**Task instructions:**
When a line of the material has the word "Download" in it, copy that line.

**Records for the task:**
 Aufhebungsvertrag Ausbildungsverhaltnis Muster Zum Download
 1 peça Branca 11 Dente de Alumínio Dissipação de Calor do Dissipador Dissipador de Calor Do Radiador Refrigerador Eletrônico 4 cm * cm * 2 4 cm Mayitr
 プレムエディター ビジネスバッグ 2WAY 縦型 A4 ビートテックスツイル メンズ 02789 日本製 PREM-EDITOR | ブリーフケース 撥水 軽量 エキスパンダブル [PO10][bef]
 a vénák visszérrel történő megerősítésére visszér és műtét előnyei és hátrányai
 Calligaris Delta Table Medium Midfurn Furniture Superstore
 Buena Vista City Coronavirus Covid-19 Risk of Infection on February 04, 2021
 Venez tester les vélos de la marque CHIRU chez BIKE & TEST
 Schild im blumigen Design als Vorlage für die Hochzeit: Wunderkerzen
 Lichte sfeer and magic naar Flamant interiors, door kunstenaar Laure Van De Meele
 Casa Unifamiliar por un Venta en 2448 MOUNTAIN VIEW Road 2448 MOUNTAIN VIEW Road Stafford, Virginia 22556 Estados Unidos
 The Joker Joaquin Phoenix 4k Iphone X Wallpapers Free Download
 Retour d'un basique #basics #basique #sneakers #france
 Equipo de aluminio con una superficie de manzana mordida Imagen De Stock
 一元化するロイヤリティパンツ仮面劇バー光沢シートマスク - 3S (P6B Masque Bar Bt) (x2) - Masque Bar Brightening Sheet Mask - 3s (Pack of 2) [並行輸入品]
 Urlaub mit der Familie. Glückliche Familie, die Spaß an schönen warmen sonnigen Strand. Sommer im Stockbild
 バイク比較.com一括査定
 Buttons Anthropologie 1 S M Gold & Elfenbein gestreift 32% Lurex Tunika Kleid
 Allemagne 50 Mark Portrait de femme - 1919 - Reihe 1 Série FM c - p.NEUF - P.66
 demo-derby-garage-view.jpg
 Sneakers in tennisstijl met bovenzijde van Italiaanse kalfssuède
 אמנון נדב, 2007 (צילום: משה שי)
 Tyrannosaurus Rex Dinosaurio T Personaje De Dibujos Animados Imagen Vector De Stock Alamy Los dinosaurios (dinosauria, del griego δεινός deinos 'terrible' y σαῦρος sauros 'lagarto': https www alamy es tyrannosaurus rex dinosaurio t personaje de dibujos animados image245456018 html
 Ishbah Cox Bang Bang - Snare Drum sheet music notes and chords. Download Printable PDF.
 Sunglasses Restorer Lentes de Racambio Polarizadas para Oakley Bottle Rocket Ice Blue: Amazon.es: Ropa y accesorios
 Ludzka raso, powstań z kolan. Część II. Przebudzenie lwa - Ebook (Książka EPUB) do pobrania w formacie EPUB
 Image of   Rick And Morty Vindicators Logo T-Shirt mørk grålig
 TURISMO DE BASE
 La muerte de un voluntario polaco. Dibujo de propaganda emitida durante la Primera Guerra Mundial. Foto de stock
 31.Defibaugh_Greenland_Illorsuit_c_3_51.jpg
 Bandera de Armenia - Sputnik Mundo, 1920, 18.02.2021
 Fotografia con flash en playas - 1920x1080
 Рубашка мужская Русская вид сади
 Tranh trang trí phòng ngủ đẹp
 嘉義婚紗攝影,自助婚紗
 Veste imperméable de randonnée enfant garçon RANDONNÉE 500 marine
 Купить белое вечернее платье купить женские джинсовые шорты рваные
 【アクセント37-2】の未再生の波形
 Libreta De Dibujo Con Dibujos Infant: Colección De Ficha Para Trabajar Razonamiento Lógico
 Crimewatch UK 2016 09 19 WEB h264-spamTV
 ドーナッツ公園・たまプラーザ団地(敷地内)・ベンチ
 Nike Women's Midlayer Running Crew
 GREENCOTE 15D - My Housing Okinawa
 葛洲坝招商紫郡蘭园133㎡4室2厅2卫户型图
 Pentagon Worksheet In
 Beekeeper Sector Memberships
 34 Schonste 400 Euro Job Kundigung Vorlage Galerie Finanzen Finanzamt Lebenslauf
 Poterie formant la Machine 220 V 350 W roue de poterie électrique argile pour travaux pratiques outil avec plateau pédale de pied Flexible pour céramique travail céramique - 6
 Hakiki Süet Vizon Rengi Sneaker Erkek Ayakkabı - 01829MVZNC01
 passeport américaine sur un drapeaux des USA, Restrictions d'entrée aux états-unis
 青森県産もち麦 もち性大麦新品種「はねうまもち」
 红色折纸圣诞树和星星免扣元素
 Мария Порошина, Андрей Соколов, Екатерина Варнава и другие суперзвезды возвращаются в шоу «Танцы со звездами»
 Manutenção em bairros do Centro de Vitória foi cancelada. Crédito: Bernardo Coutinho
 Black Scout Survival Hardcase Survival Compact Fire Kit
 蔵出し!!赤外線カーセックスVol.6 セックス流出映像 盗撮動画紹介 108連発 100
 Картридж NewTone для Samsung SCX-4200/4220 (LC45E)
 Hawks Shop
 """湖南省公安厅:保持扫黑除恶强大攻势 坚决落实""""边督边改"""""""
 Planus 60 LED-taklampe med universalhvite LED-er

**Task answer:**
 Aufhebungsvertrag Ausbildungsverhaltnis Muster Zum Download
 The Joker Joaquin Phoenix 4k Iphone X Wallpapers Free Download
 Ishbah Cox Bang Bang - Snare Drum sheet music notes and chords. Download Printable PDF.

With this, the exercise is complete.